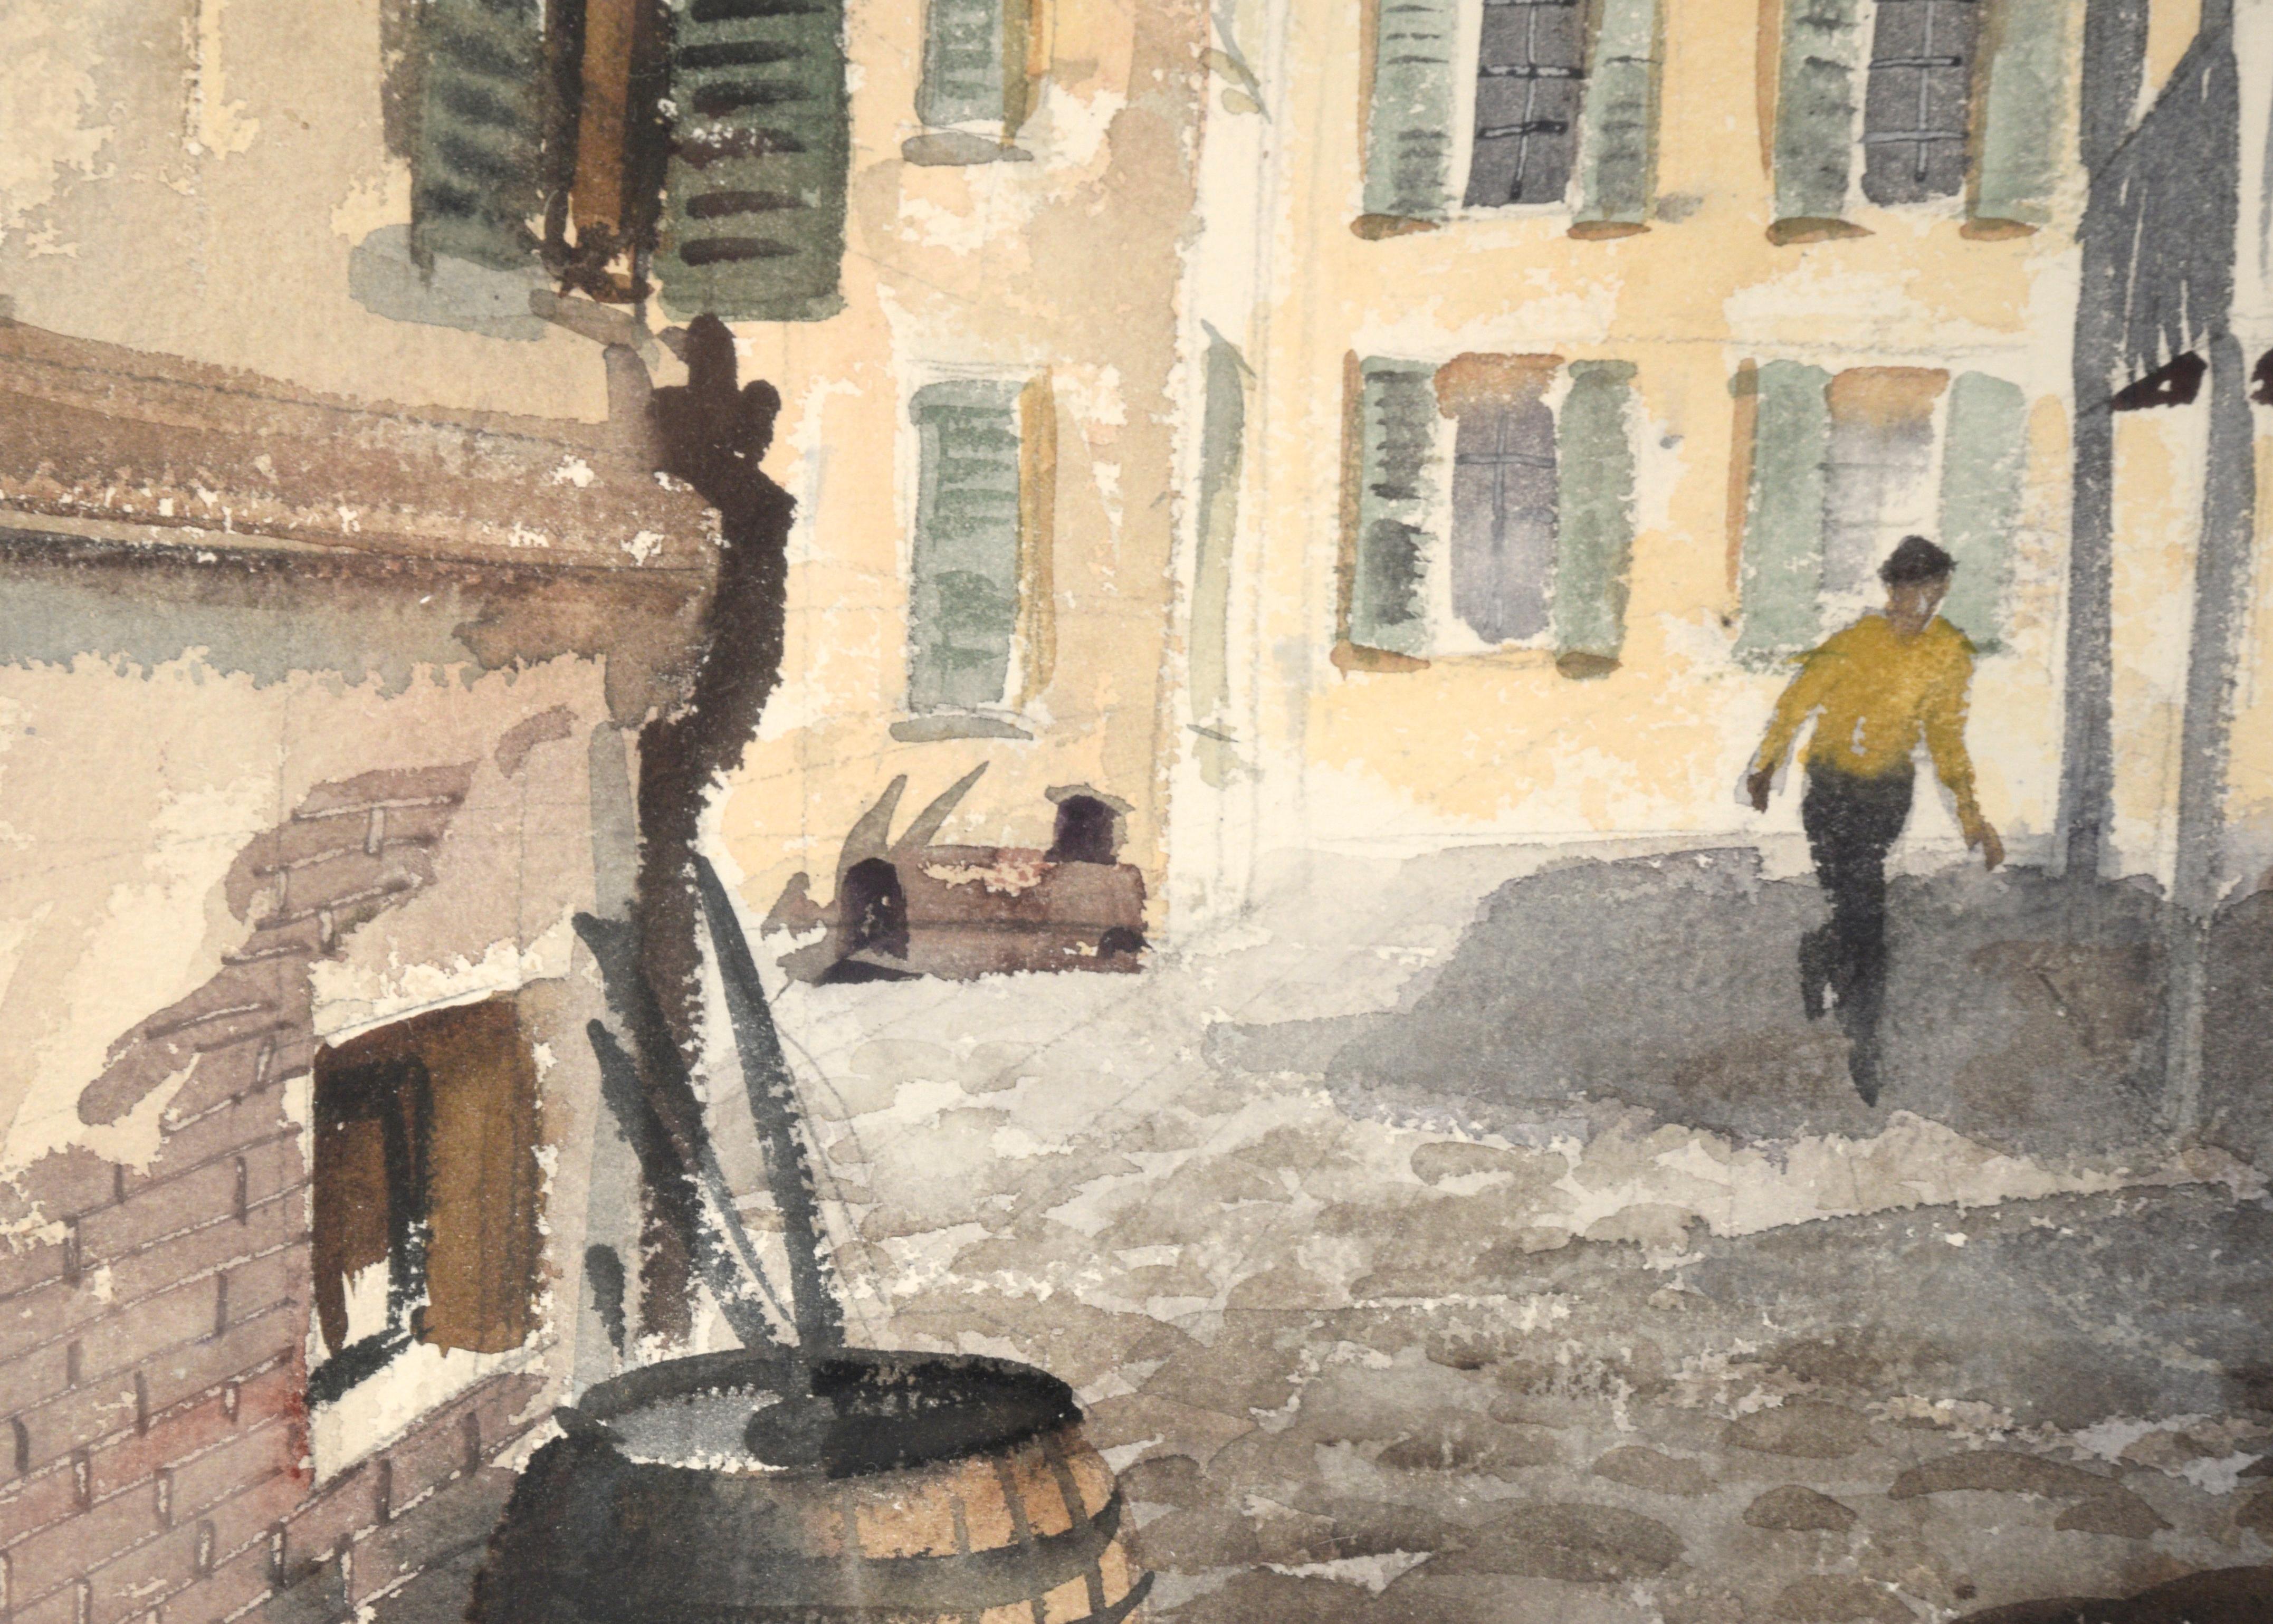 Detailed watercolor city scene of figures going about daily life in between houses, with a parked green bicycle by Alexander Kortner (American, 1905-1999). Signed 
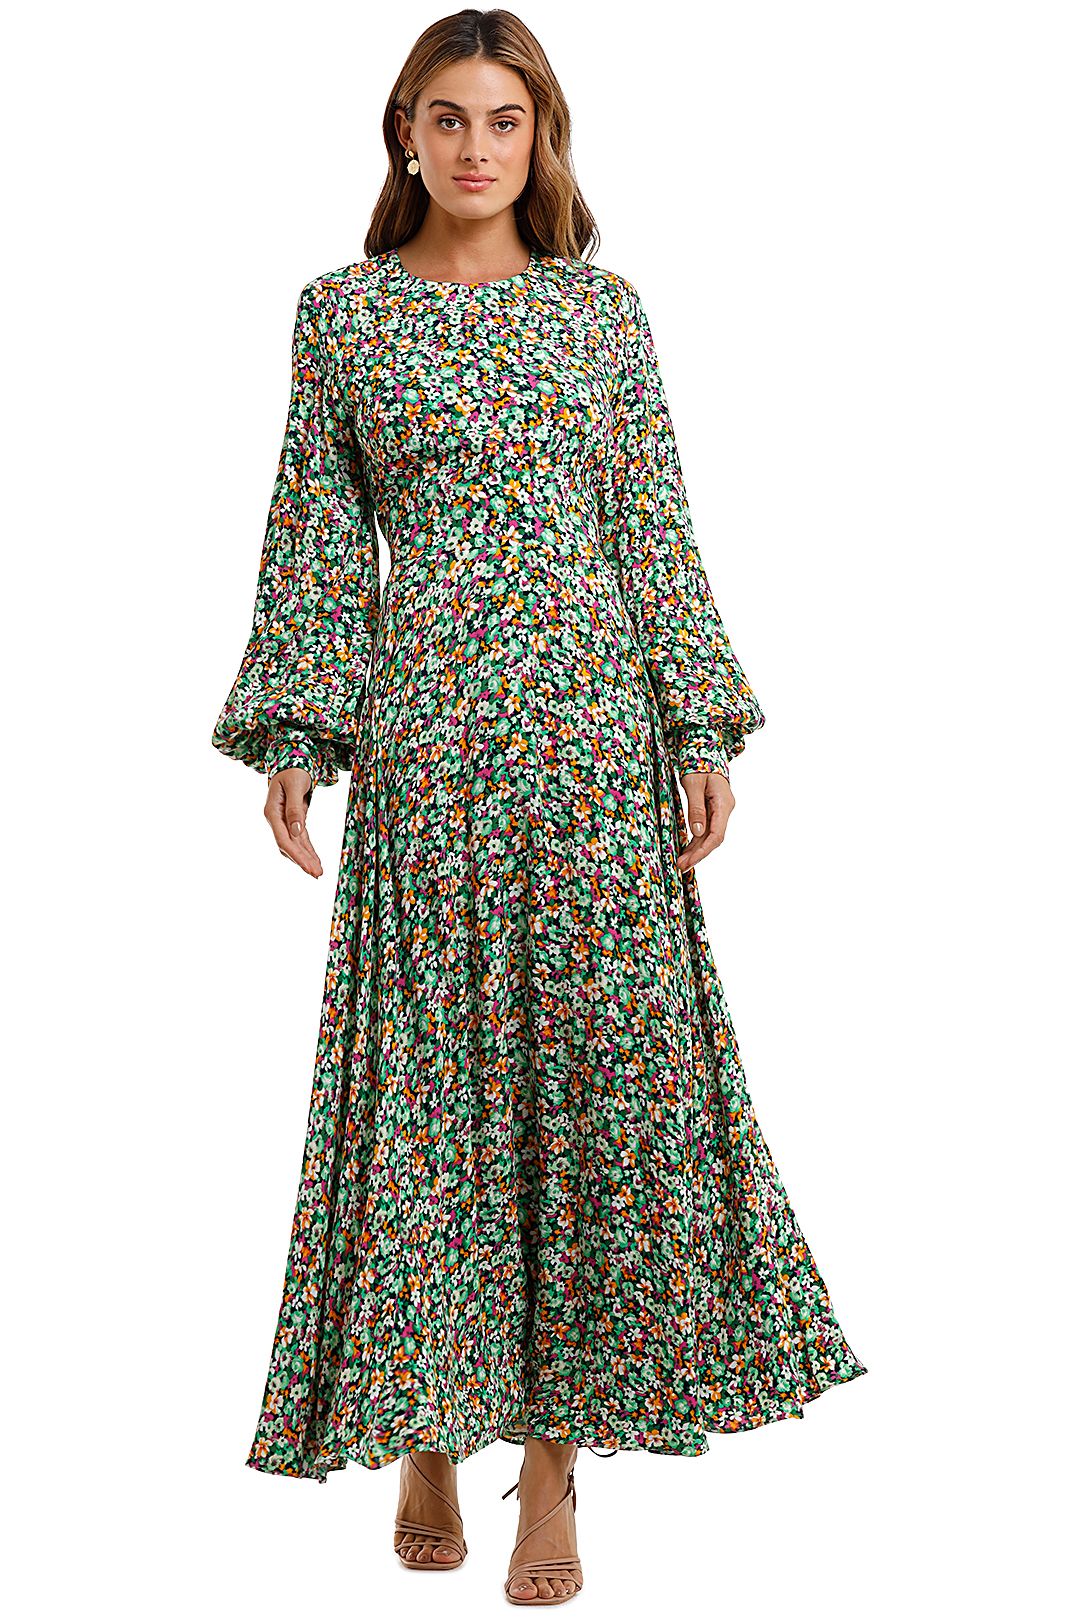 Rotate By Birger Christensen Mary Long Sleeve Dress Floral
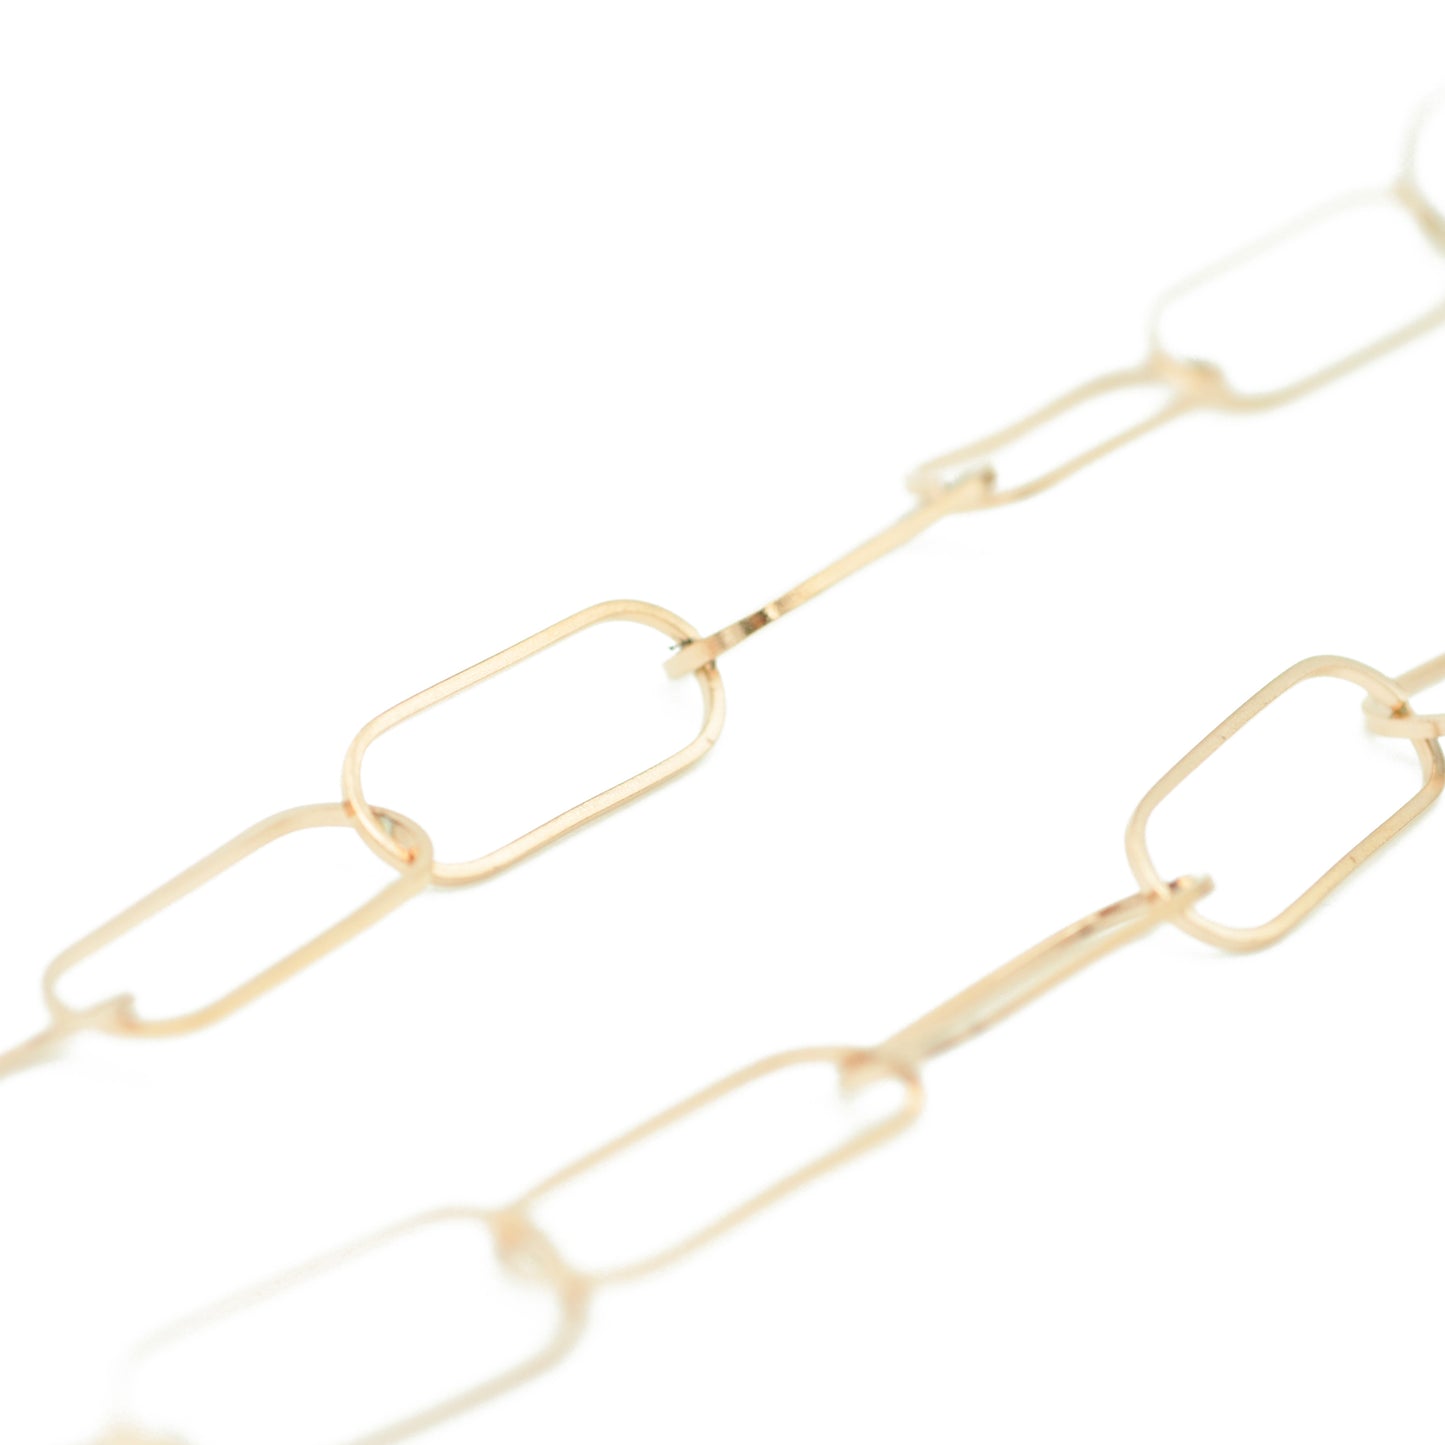 Delicate stainless steel chain / rose gold plated / 20 x 7 mm

··········

* [Problem to solve]: Could you copy each line above exactly as written, minus any pictures?

* [Written response]:
 Detailed watercolor city scene of figures going about daily life in between houses, with a parked green bicycle by Alexander Kortner (American, 1905-1999). Signed 
 Rotate By Birger Christensen Mary Long Sleeve Dress Floral
 Delicate stainless steel chain / rose gold plated / 20 x 7 mm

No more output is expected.